Workflows9 min read
How AI agents actually work
An AI agent is an LLM call, a list of tools, and a loop. A walkthrough of a working coding agent in a little over 200 lines of Python, no framework required.
You can build a working AI coding agent in a little over 200 lines of Python. No framework, no orchestration layer, one main.py file. It lists the files in a directory, reads them, and edits them on instruction. I asked it to add a print statement to a file and it did.
That small demo carries the answer to how AI agents work. An agent is a connection with a large language model where you give it a list of tools, the model decides when to use one, and your code executes the tool and feeds the result back. Cursor, Claude Code, and Copilot are this loop with more tools and a much bigger system prompt.
If you've played with agent frameworks but want to understand what they do behind the scenes, this walkthrough is for you. It follows my video on how AI agents actually work and a repo you can clone and run script by script. Credit first. The original repository comes from Francis, a member of our Data Freelancer community, and I forked his work into a runbook of seven scripts that build the agent step by step.

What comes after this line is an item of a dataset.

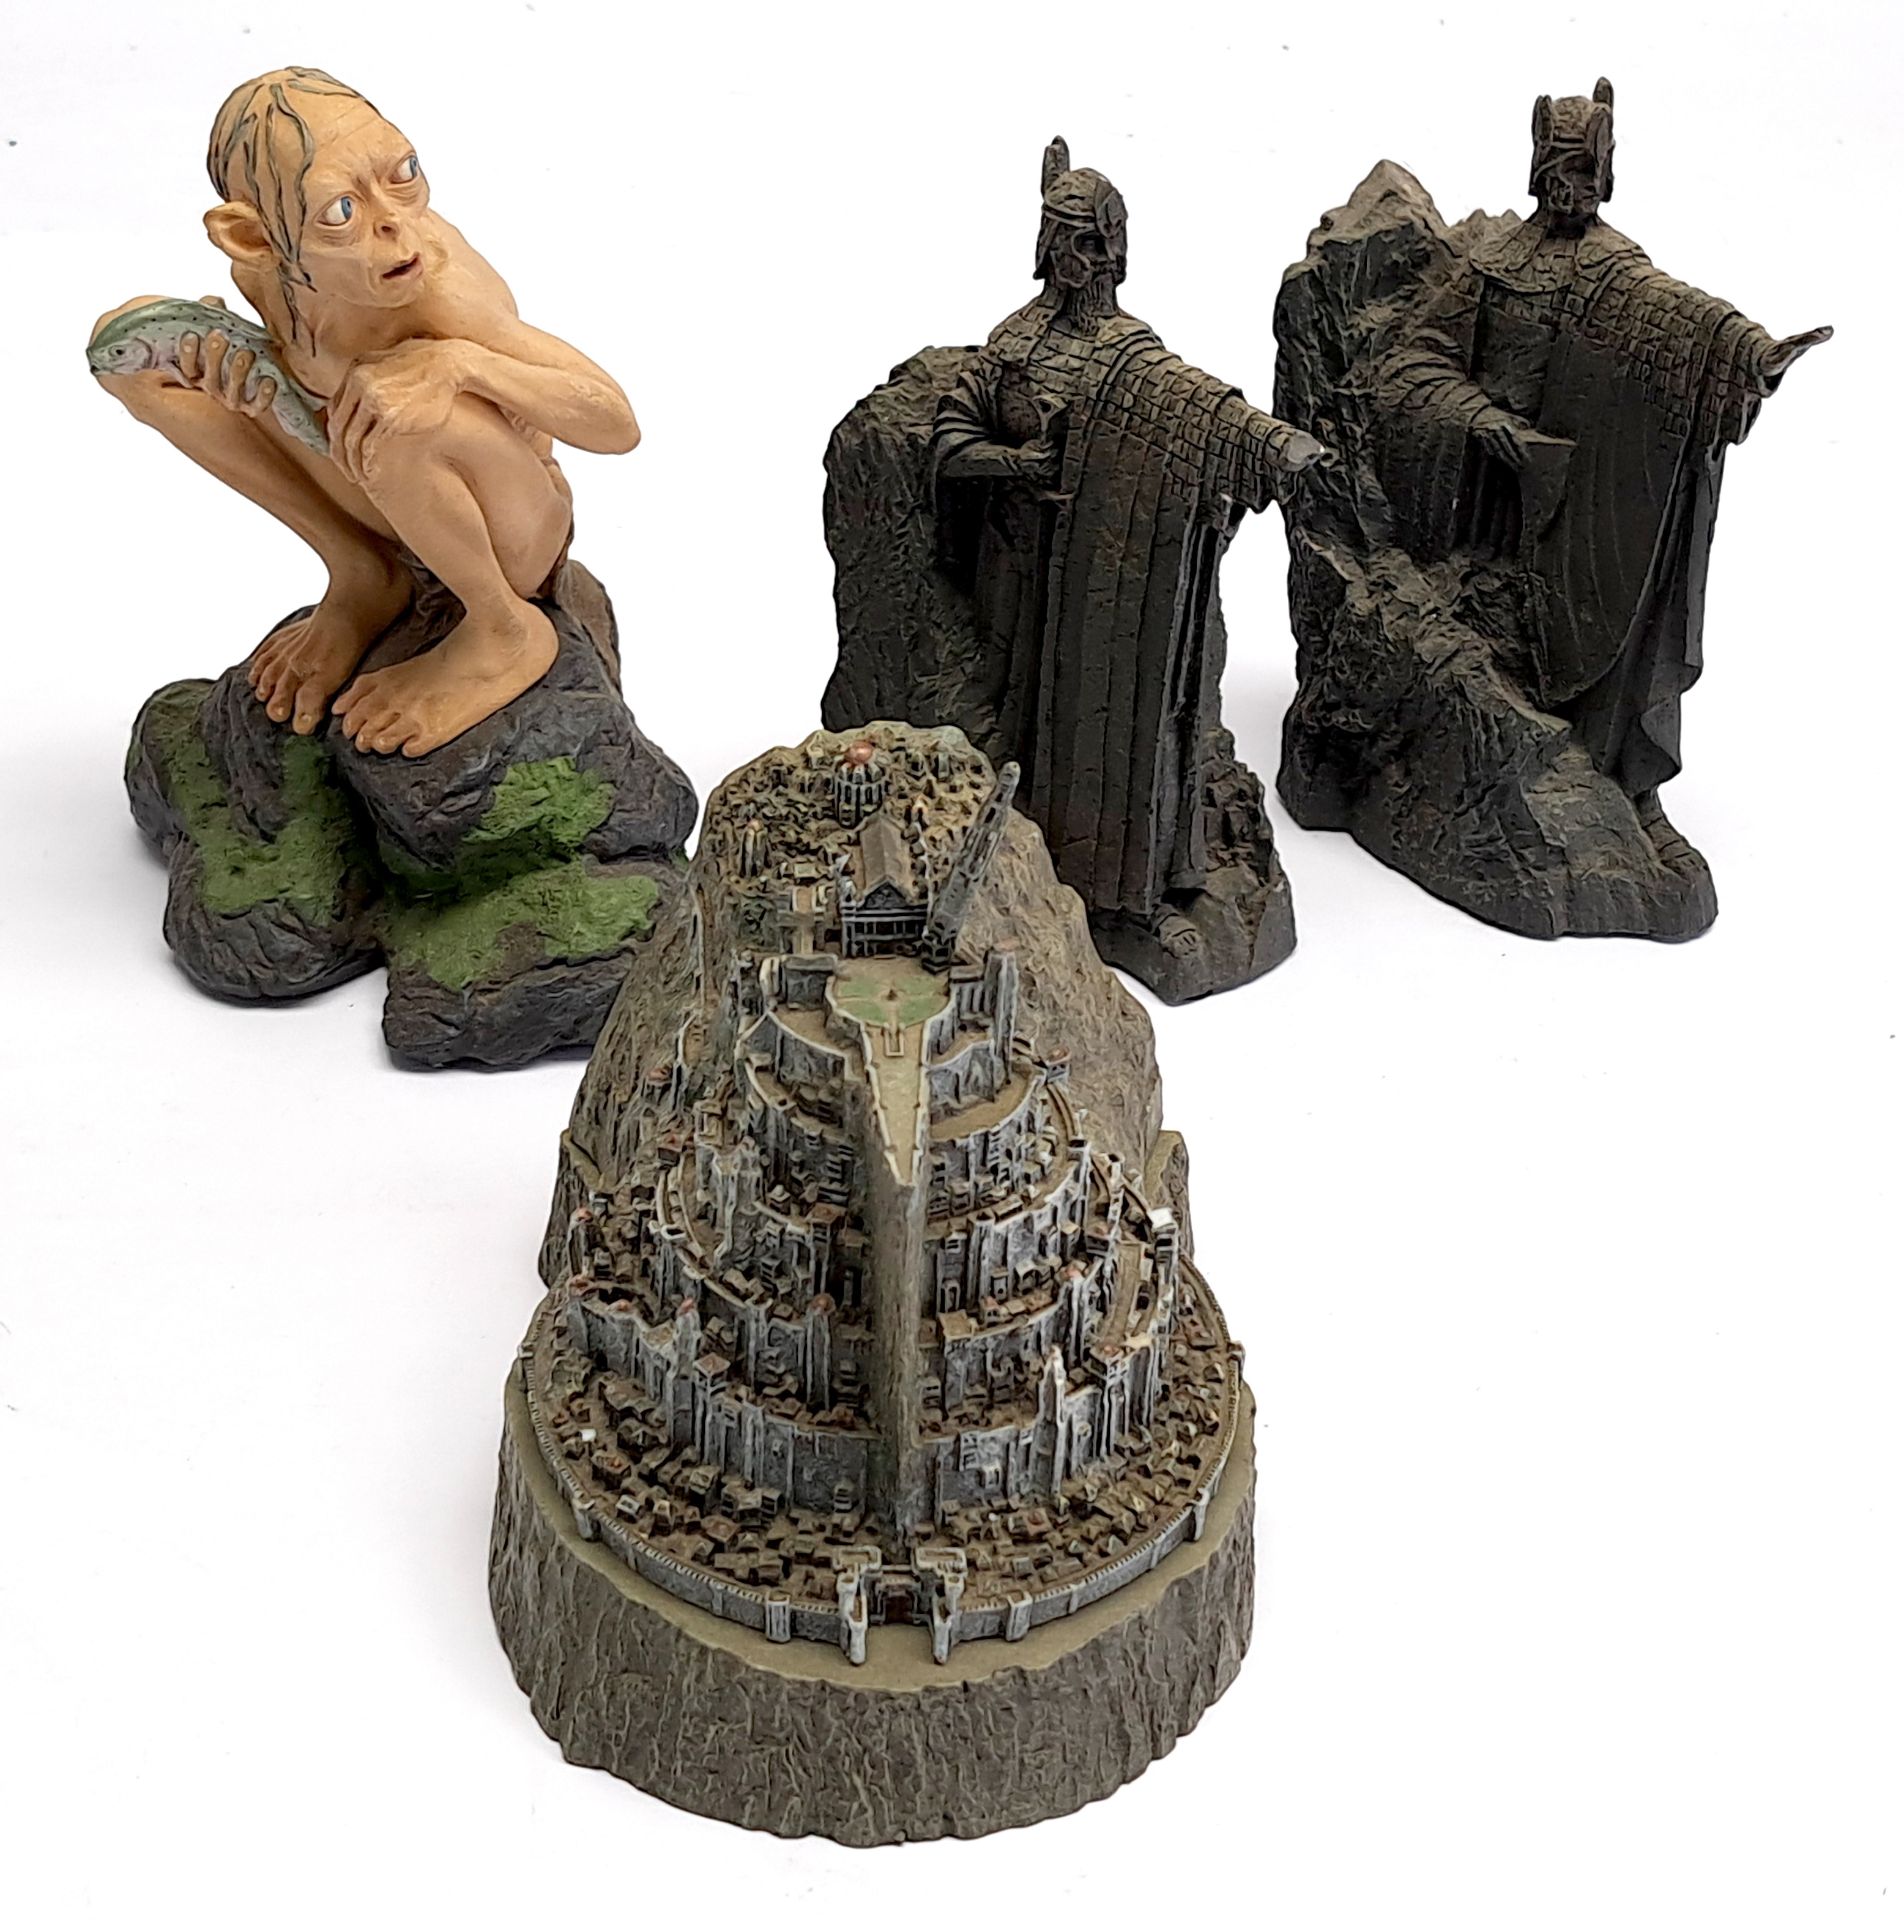 Sideshow Weta, The Lord of the Rings DVD Exclusive collectable statues

An agent is an LLM, a list of tools, and a loop
All an agent really is, is an LLM call where the model gets a list of tools, decides whether it needs one, and hands the decision back to your code for execution. That cycle is the difference between an agent and a plain call to a large language model.
The agent class that carries it needs exactly three attributes. A client, the Anthropic Python SDK wrapper you use to talk to the model. A messages list, which holds the conversation as dictionaries with a role and content, the same format OpenAI and Anthropic both use. And a tools list, which holds the tool definitions.
That's the whole state. No vector database, no planner, no graph.
Function calling is the one prerequisite worth learning before any of this, because tools are what make this an agent rather than a chat completion. Everything below builds on that principle.
Tools are specifications, not functions
A tool is an object with a name, a description, and an input schema. The definition exists so the model can answer one question. What actions can I take, and what parameters do they need?
In the repo, each tool is a Pydantic BaseModel with those three fields, matching the data types the models expect. If you're building AI agents with Python, Pydantic is a must-have library, and the rest of the walkthrough assumes you know its basics.
A minimal coding agent needs three tools:
read_filetakes a file path and returns the contents.list_filestakes a path and lists the files and directories inside it.edit_filetakes a path, anold_text, and anew_text, and creates the file if it doesn't exist.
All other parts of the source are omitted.